What did the rest of you think of this movie? I think it did a great job at demonstrating the great dividing line between amateur and serious professional contendor.


----------



## terryl965 (Nov 26, 2005)

I for one thought the movie was a great. The acting was super and the plot was easy and real like to me anyway.
Terry


----------



## Jade Tigress (Nov 26, 2005)

I thought it was *excellent*. Very well done. Fantastic casting and plot. I bought the DVD after renting it. I've already watched it a couple times.


----------



## Ping898 (Nov 26, 2005)

I liked it alot and thought it was really well done, but have to admit I didn't think it was like the greatest thing out tere likr all the hype seemed to say


----------



## arnisador (Nov 26, 2005)

I haven't seen it yet! I keep waiting for it to come to HBO.


----------



## Gin-Gin (Nov 27, 2005)

arnisador said:
			
		

> I haven't seen it yet! I keep waiting for it to come to HBO.


Whether you see it on cable or DVD, it's definitely worth it. (IMO)


----------



## The Kai (Nov 28, 2005)

Great movie


----------



## Sam (Nov 28, 2005)

I definitely liked the movie. The ending, not so much.


----------



## shesulsa (Nov 28, 2005)

I thought it was interesting.  Most of Eastwood's movies involve some kind of self-examination and realignment.


----------



## pete (Nov 28, 2005)

the ending was the only 'believable' part


----------



## Eldritch Knight (Nov 29, 2005)

Brilliant movie, with way too many good points to mention. However, I still think Hotel Rwanda should've taken home the best picture Oscar.


----------



## Cyber Ninja (Jan 22, 2006)

I stayed away from this movie for a long time. Finally watched it on HBO the other day. I must admit, it was a good movie.


----------



## Andrew Green (Jan 22, 2006)

JMD said:
			
		

> I stayed away from this movie for a long time. Finally watched it on HBO the other day.

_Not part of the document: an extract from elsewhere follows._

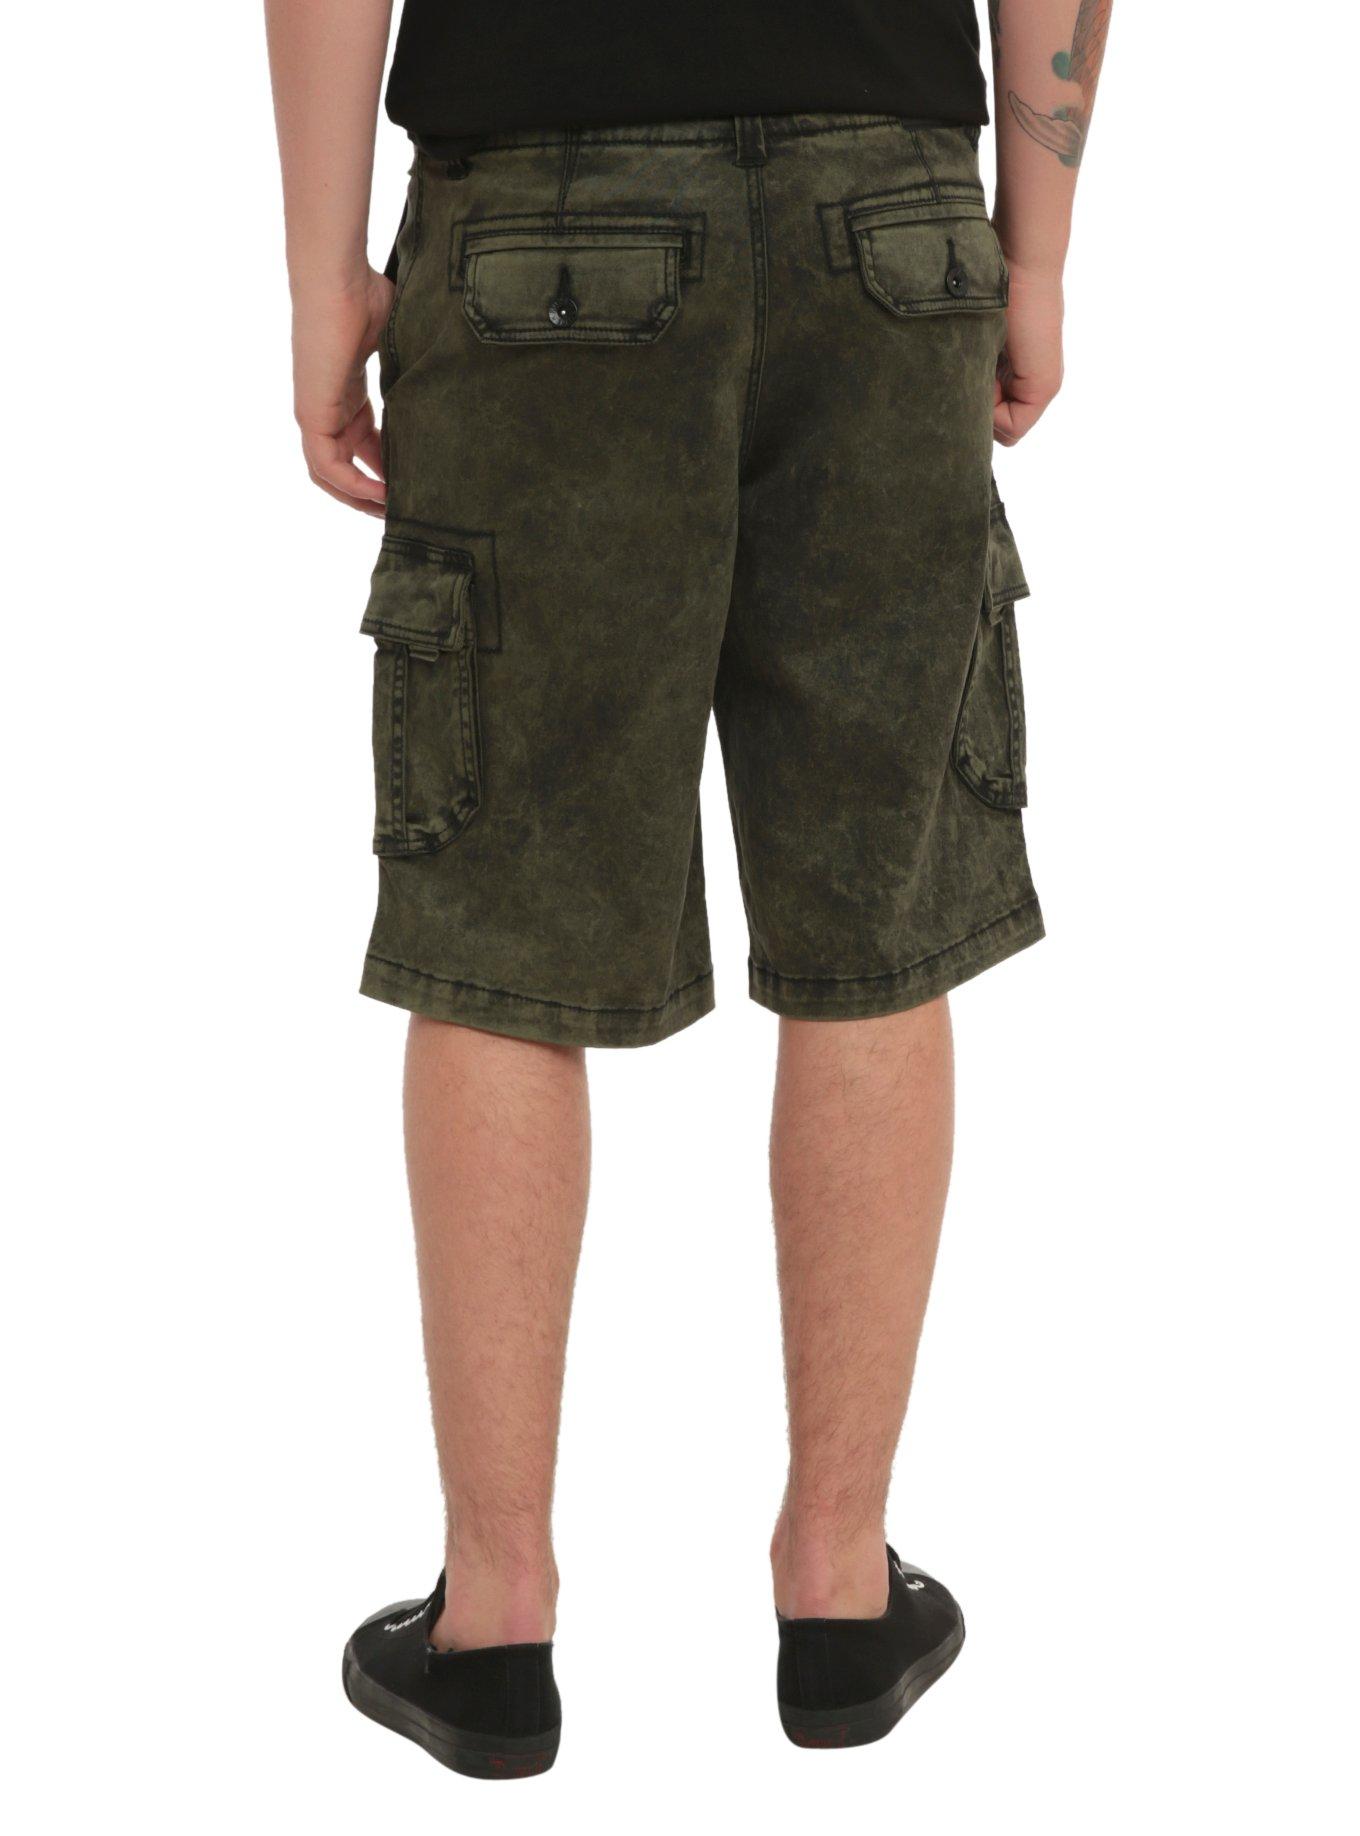 RUDE Olive Black Wash Cargo Shorts, OLIVE, alternate

I must admit, it was a good movie.



me too, except it was "Movie Central" I caught it on.  Really good movie


----------



## kenpo0324 (Jan 23, 2006)

I thought it was *excellent movie*. Very well done. Fantastic casting and plot.


----------



## Drac (Jan 23, 2006)

Jonathan Randall said:
			
		

> I finally saw "Million Dollar Baby" the other day on DVD. I thought the acting, storyline and atmosphere were incredible


 
Same here..


----------



## OnlyAnEgg (Jan 23, 2006)

It was much better than I anticipated.  I'll watch it again.


----------



## shesulsa (Jan 23, 2006)

I was particularly pleased with Eastwood's performance in this film. Yes, he's played a lot of crusty characters, but this performance had a bit of a different element to it, it seemed more genuine. I was expecting a character along the lines of Rocky's Mick and though there were parallels, I still see that performance as unique.

Hillary swank didn't disappoint, either.  Thought-provoking, imo.


----------



## arnisador (Jan 23, 2006)

I'm set up to tape it on HBO and am looking forward to finally seeing it. Alas, a newspaper article has spoiled any hope of a surpise for me.


----------